The specific thread of OceanBase process will hang on the point if you add a debug sync point in the code, and then you can do something to debug the process, such as attach the process by gdb, or execute some SQL commands to get some information.

Debug Sync can work on release mode, so it is enabled on production environment.

How to use

Add a debug sync definition in the code

You can open the file ob_debug_sync_point.h and append your debug sync definition in the macro OB_DEBUG_SYNC_POINT_DEF. For example:

#define OB_DEBUG_SYNC_POINT_DEF(ACT)                               \
    ACT(INVALID_DEBUG_SYNC_POINT, = 0)                             \
    ACT(NOW,)                                                      \
    ACT(MAJOR_FREEZE_BEFORE_SYS_COORDINATE_COMMIT,)                \
    ACT(BEFORE_REBALANCE_TASK_EXECUTE,)                            \
    ACT(REBALANCE_TASK_MGR_BEFORE_EXECUTE_OVER,)                   \
    ACT(UNIT_BALANCE_BEFORE_PARTITION_BALANCE,)

Add a debug sync point in the code

If you want debug some functions, then add your debug sync point there. For example:

int ObRootService::do_restart()
{
  int ret = OB_SUCCESS;

  const int64_t tenant_id = OB_SYS_TENANT_ID;
  SpinWLockGuard rs_list_guard(broadcast_rs_list_lock_);
  ...
  DEBUG_SYNC(BEFORE_UNIT_MANAGER_LOAD);
  ...
}

You can put the same debug sync point anywhere you want.

Enable Debug Sync

Debug sync is disabled by default, you can enable it by the SQL command below:

alter system set debug_sync_timeout='100000s';

The debug sync will be enabled if debug_sync_timeout larger than 0.

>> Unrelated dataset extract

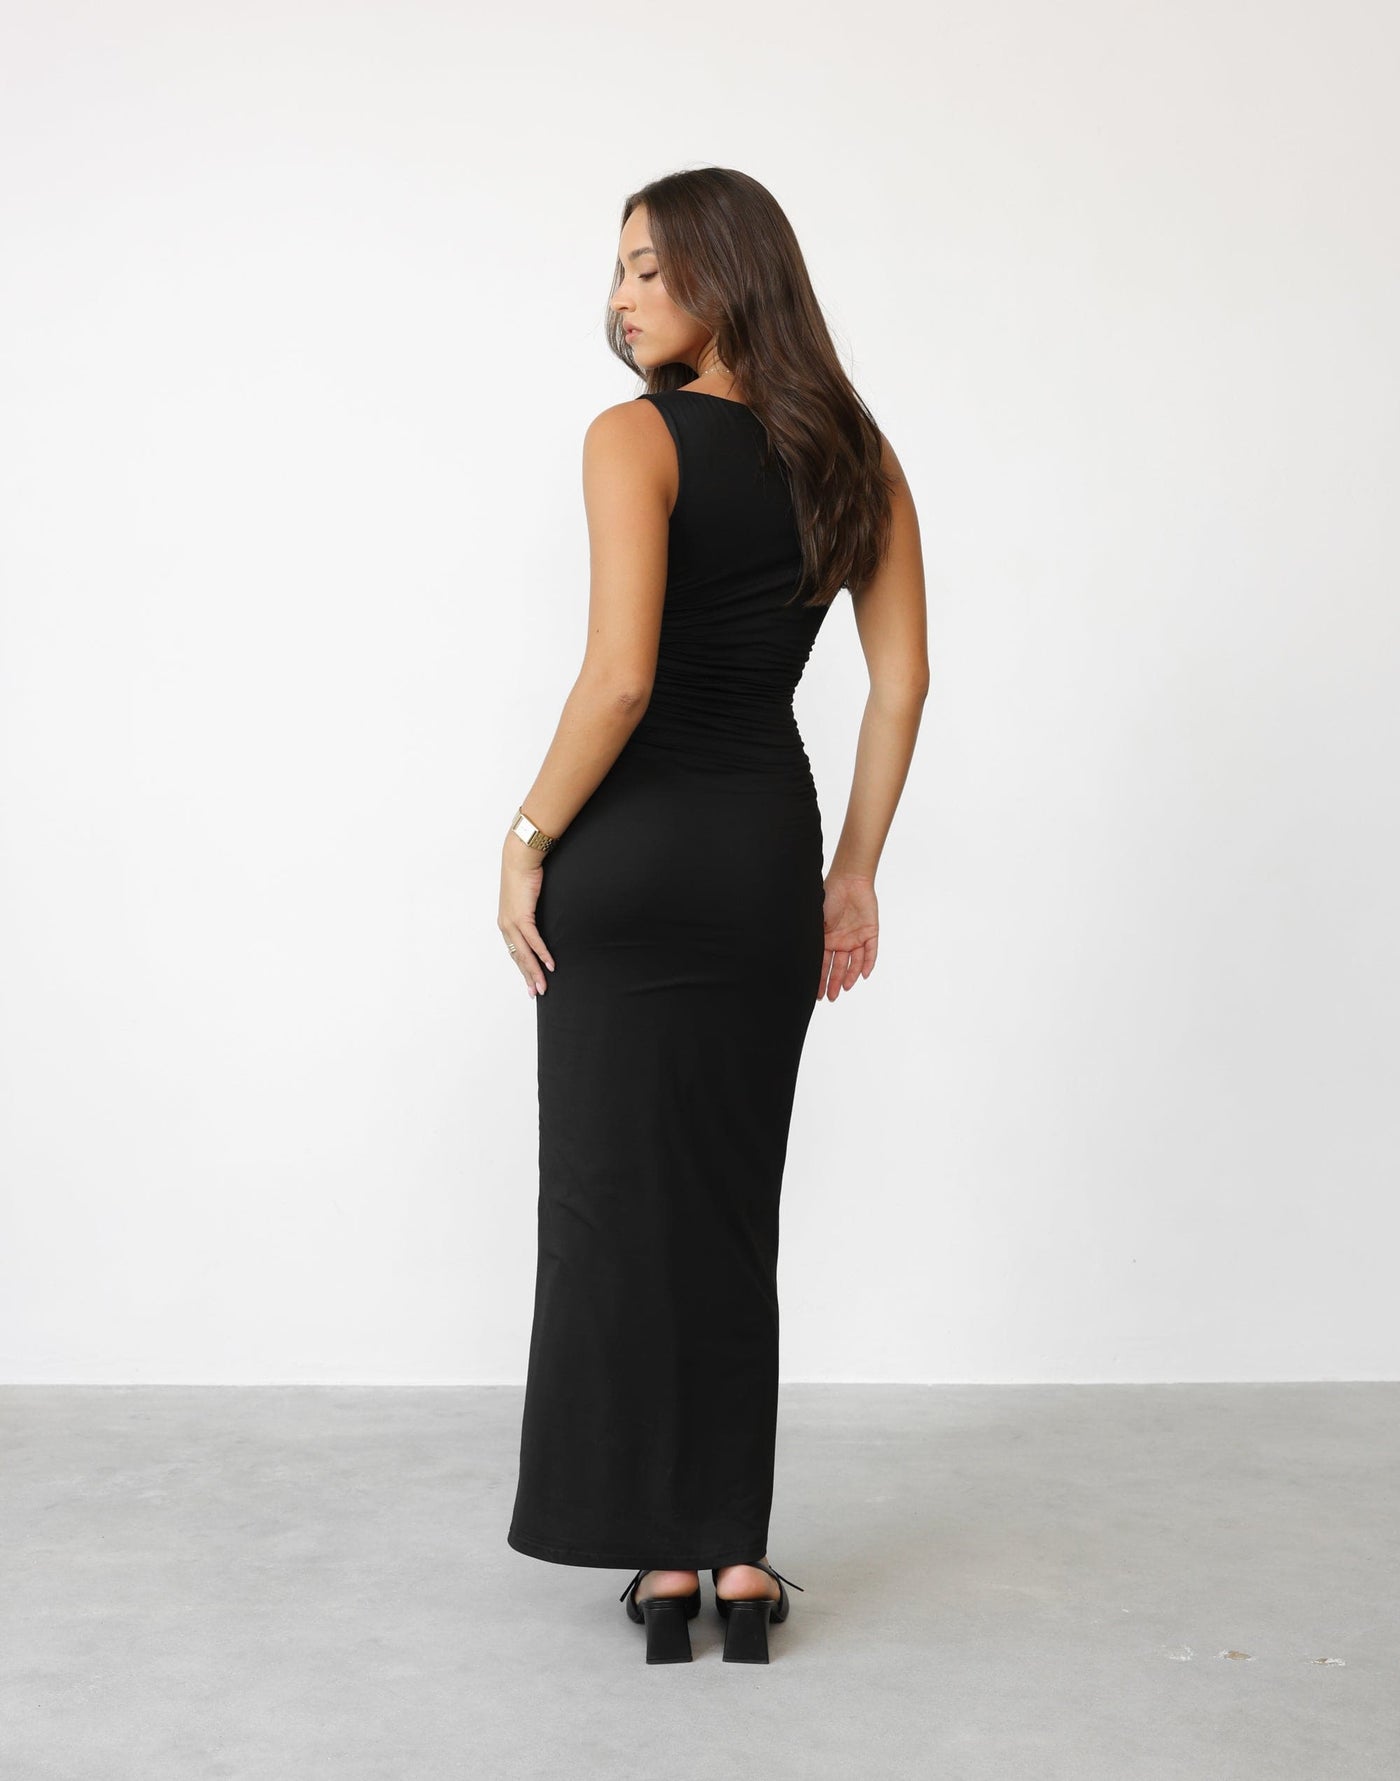 Caprice Maxi Dress (Black) | CHARCOAL Exclusive - Bodycon High Straight Neck Ruched Side Maxi Dress - Women's Dress - Charcoal Clothing

NOTE: the unit of debug_sync_timeout is microsecond.

Enable your debug sync point

You can enable your debug sync point by the SQL command below:

set ob_global_debug_sync = 'BEFORE_UNIT_MANAGER_LOAD wait_for signal_name execute 10000';

execute means the debug sync action will be disabled after 10000 execution.

signal_name is the name to wakeup.

The specific thread will hang on the debug sync point when it executes the debug sync point and then you can do something to debug the process.

Signal the debug sync point

You can signal the debug sync point by the SQL command below:

set ob_global_debug_sync = 'now signal signal_name';
-- or
set ob_global_debug_sync = 'now broadcast signal_name';

signal_name is the name you set when you enable the debug sync point.

And then the specific thread will continue to execute.

Clear your debug sync point

You should clear your debug sync point after you debug the process, you can clear it by the SQL command below:

set ob_global_debug_sync = 'BEFORE_UNIT_MANAGER_LOAD clear';

Disable debug sync

You can disable debug sync by the SQL command below:

alter system set debug_sync_timeout=0;

How debug sync works

The process will use condition_variable to wait for the signal when it executes the debug sync point, and then it will hang on the debug sync point. The process will continue to execute after it receives the signal.

If you want to know more about the debug sync mechanism, you can refer to the code in ob_debug_sync.cpp/.h.